_PROBLEM DETAILS:_
Here the job is to retype the data word for word while leaving the pictures aside.

### COLLECTED MATERIAL ###

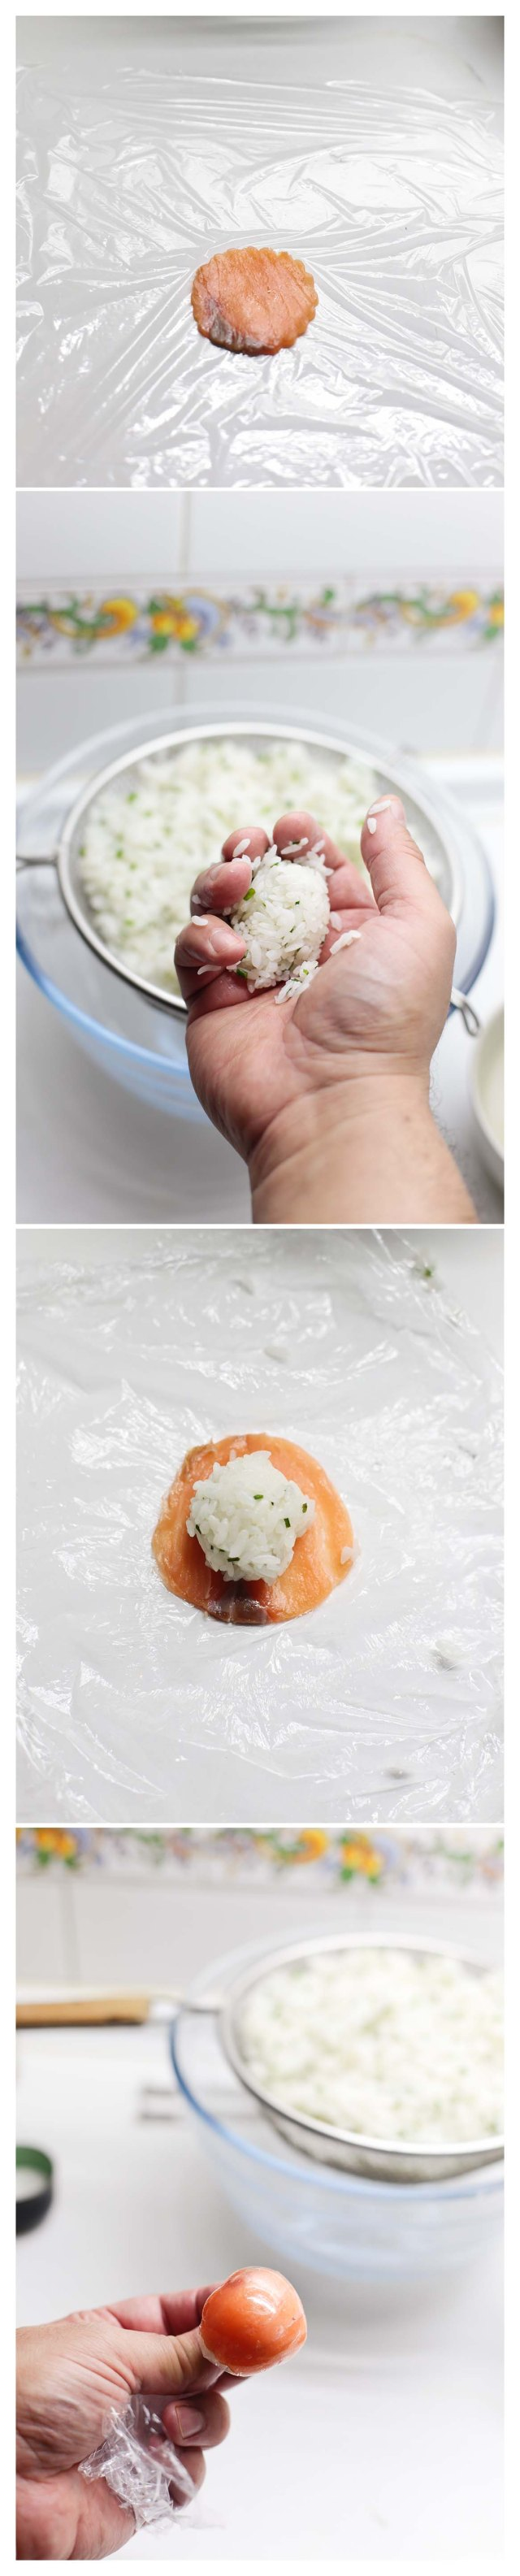 elaboracion de arroz 3
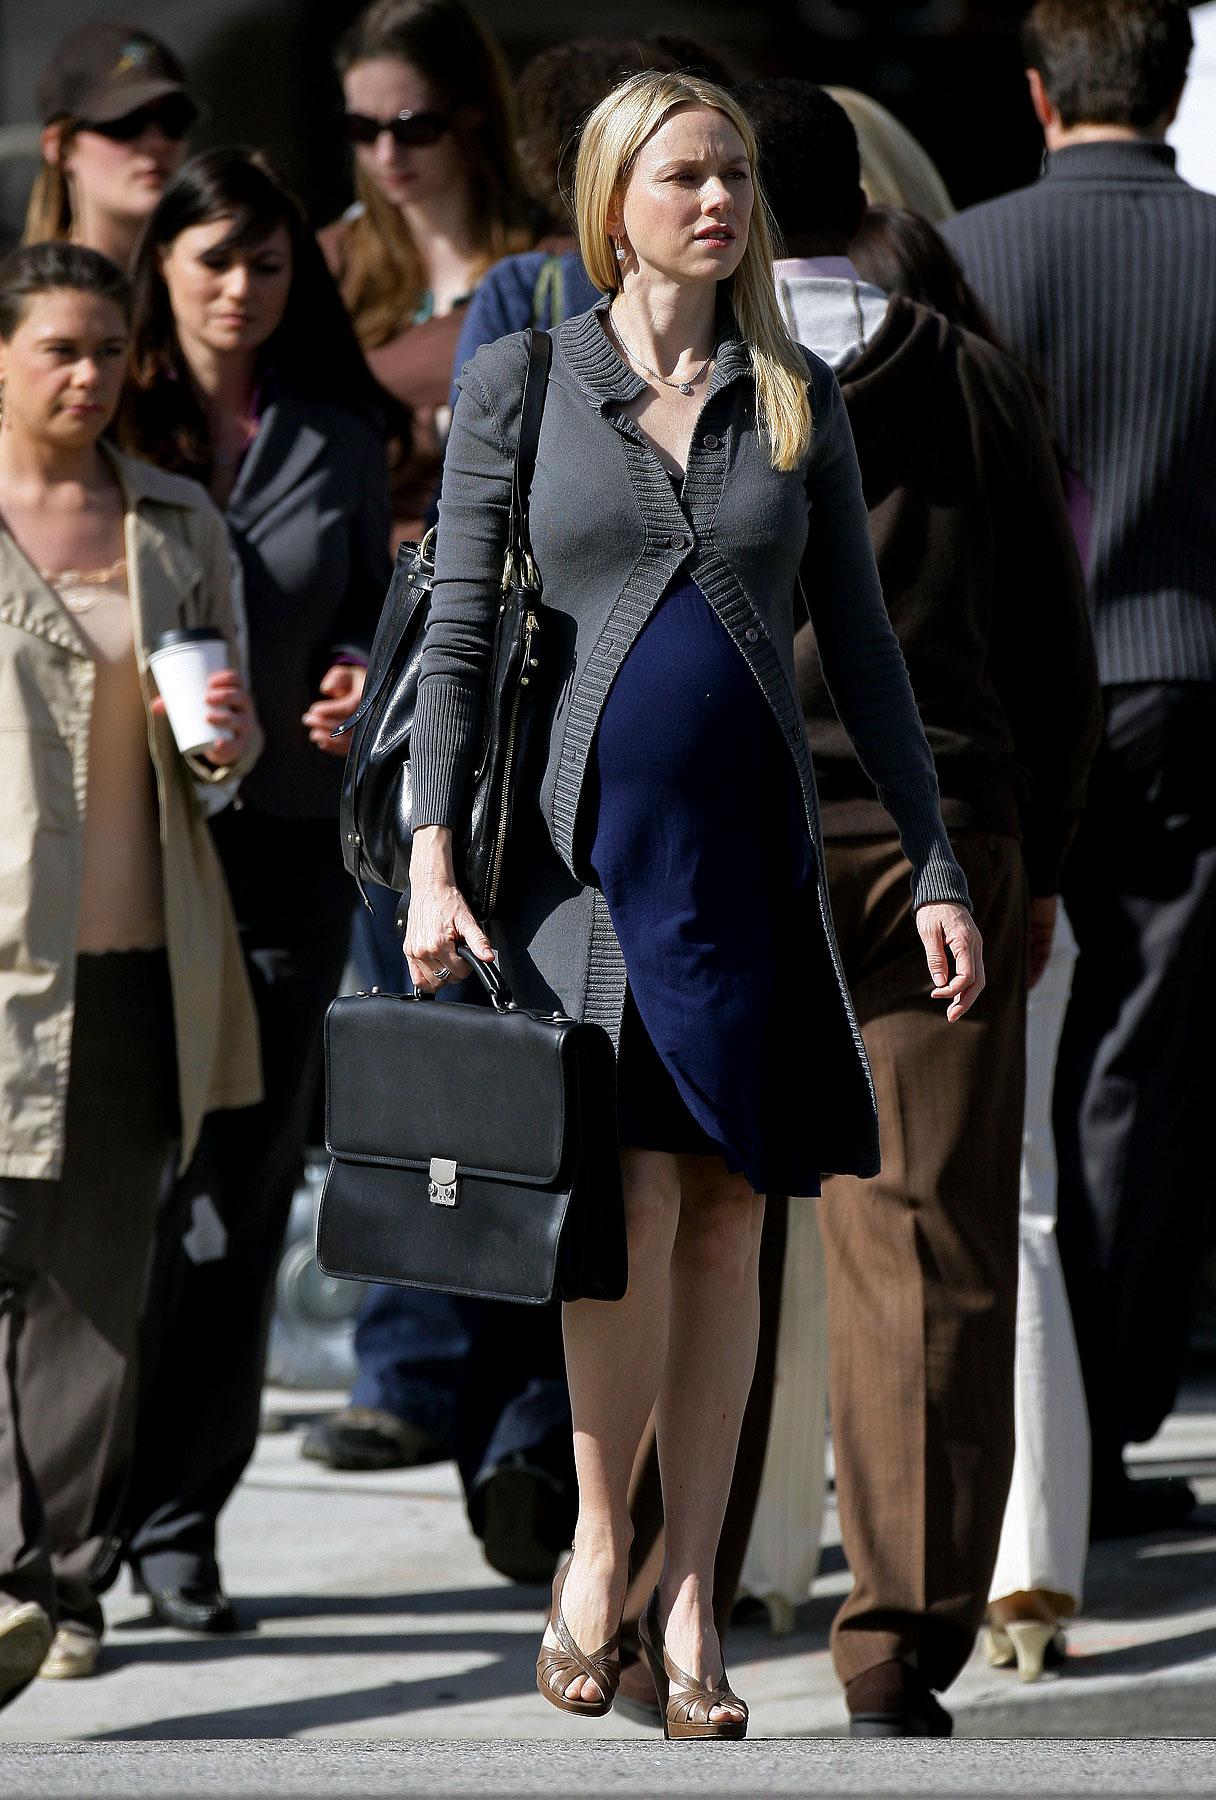 Naomi Watts: Pregnant Again?!!?
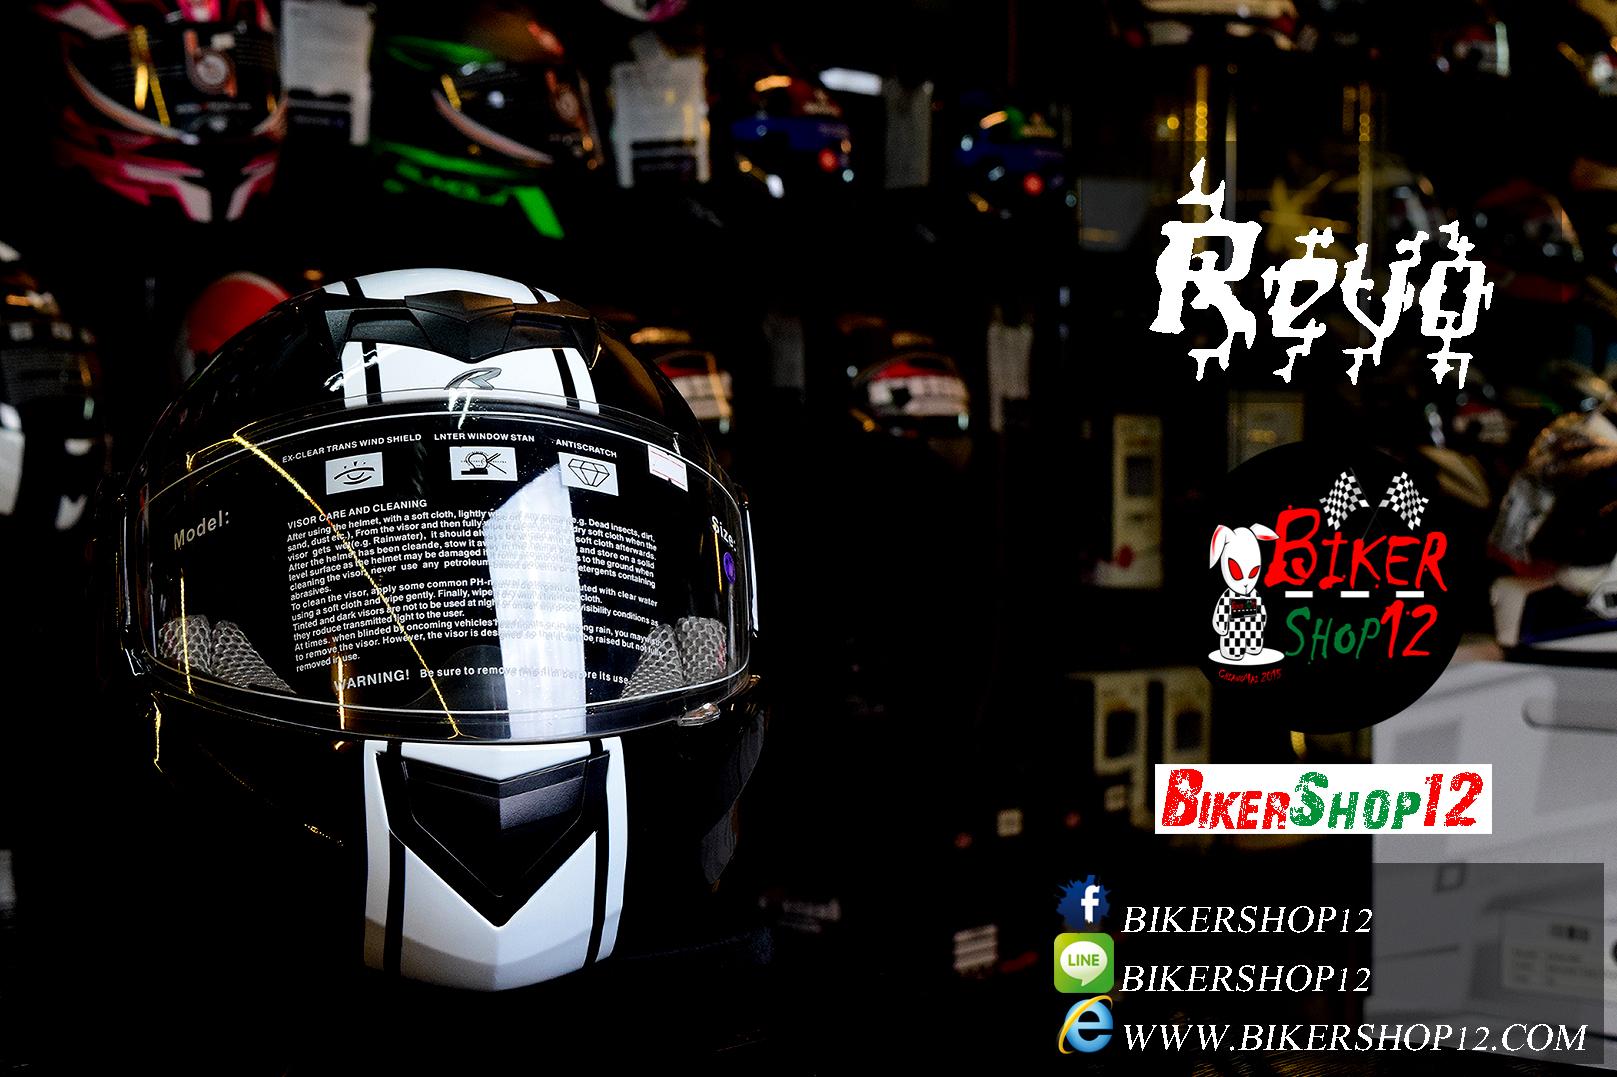 หมวกกันน็อคRider (ยกคางได้) รุ่น Revo สีดำ-ขาว สำเนา

###

_OUTPUT BELOW:_
 elaboracion de arroz 3
 Naomi Watts: Pregnant Again?!!?
 หมวกกันน็อคRider (ยกคางได้) รุ่น Revo สีดำ-ขาว สำเนา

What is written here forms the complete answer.